2017-01-08 10:42:45 | 小説
第十一章 商社時代の自分との再会

「今日はお世話になります。」
若い女性が一人で治子の居る温泉宿にやって来た。
「こんな田舎の湯治場にようこそ。」

治子はこの女性の顔を見て驚いた。顔つきも背丈も治子の若い頃にソックリであった。
「あとで結構ですので、この宿帳に記入をお願いします。」
その宿帳の字も治子のものとよく似ていて、声も自分の若い頃に似ていた。

「若い方だのに、こんな田舎の湯治場の温泉宿では、つまらないでしょ。」
「本当はもっと早く来たかったの。もう今は無くなってしまったけれど、私の勤務している会社も湯治場の温泉宿を所有していたの。ここと同じように歴史のある風情で格調があり、素敵だったみたいですの。」

宿帳に記入された武藤リミカから治子はこの若い娘をリミカさんと呼ぶようにした。
「リミカさんの会社は何をしている会社なの?」
「商社で沢山の物を輸出しているの。だけれど輸出の為替レートの変動で利益が無くなってしまう事もあるの。」
「あらっ、大変ね。」
と相槌を打ったが、過去の自分に話しかけているようであった。

「だから、この静かな湯治場で癒されたいの。

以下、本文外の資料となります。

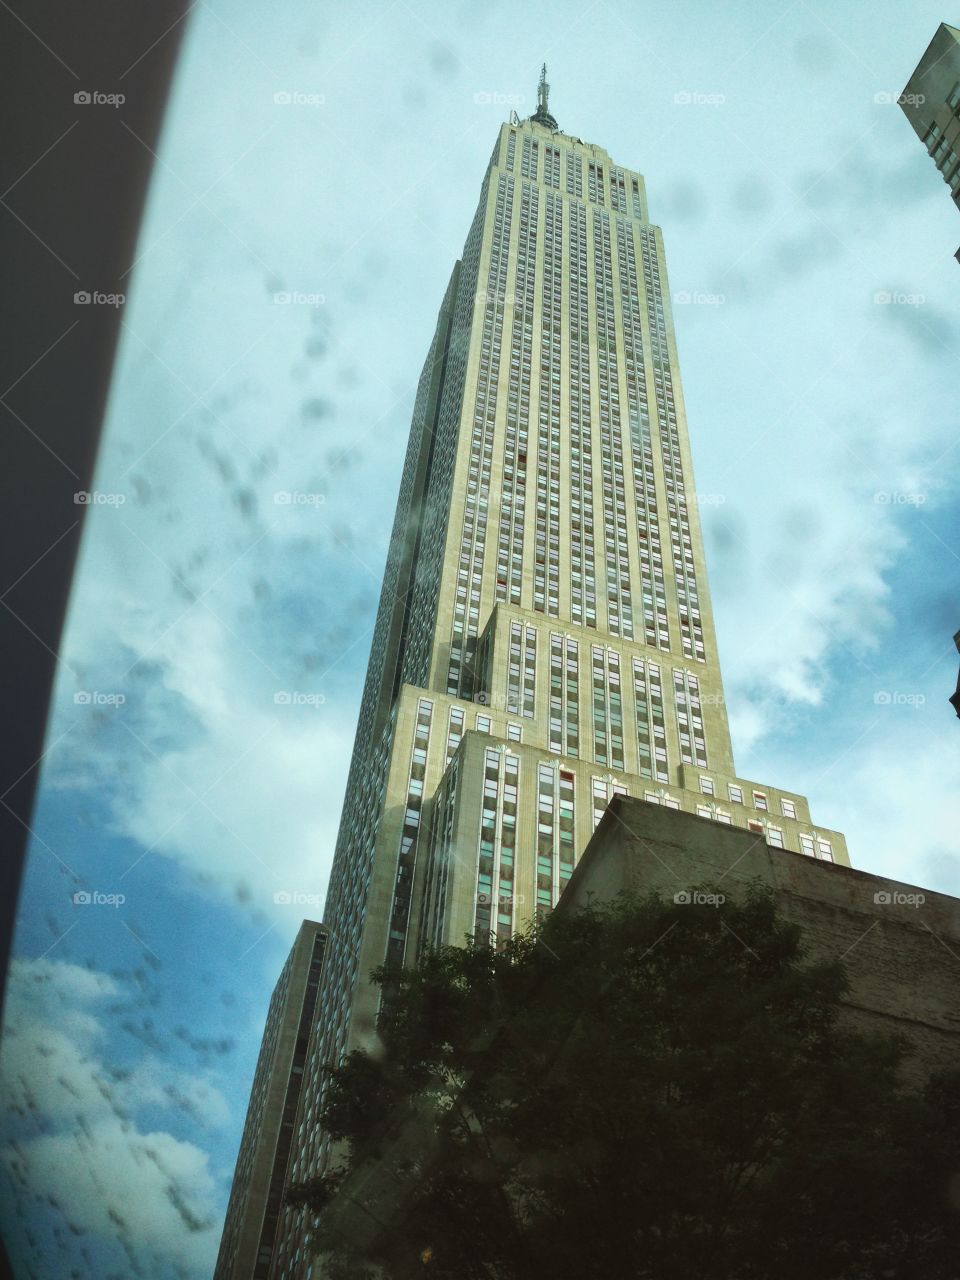 EMPIRE STATE BUILDING IN NYC

」
「そうね、ゆっくりと骨休みをしていって下さいね。」
治子は、リミカが私自分の居た温泉宿を知っているのか不思議であった。

「リミカさんは、もう無くなってしまった温泉宿のことを、誰からお聞きになったの?」
「会社に古いパンフレットが有ったの、それも一部だけね。」
「今、そのパンフレットをお持ちなの?
もしお持ちなら見せていただけません?」
「ええ、いいわよ。」

そのパンフレットを見た治子は一枚の写真に目を奪われた。
治子が若い頃に社員旅行でここに来た時に記念に撮った写真であった。
総務部門が作製したパンフレットだったので、貿易部門ではあまり関心が無かったのである。
「その写真の若い女性は私によく似ているでしょ。みんなにもよく言われるの。」
「そうね、ソックリね。」

治子は、
「私をよく見て、それは私よ。」
と言いたかったが、治子は懐かしさのあまり、声を失っていた。

セミの終わる頃(17)

2017-01-07 12:20:47 | 小説
ある秋に大きな台風が湯治場を通過する危険性がでてきたので、みんなで温泉宿の痛んでいる窓や庇の修理をしたの。

そして、風雨共に強くなって湯治場の温泉宿の中でじっと台風の通過を待っていると、玄関の雨戸がトントン、トントンと誰かが叩く音がしたので、隙間から覗いてみると、あなたが前足で叩いていたわね。そして、玄関に入ってきたあなたは私の袖をくわえて玄関の外へ引っ張ったわよね。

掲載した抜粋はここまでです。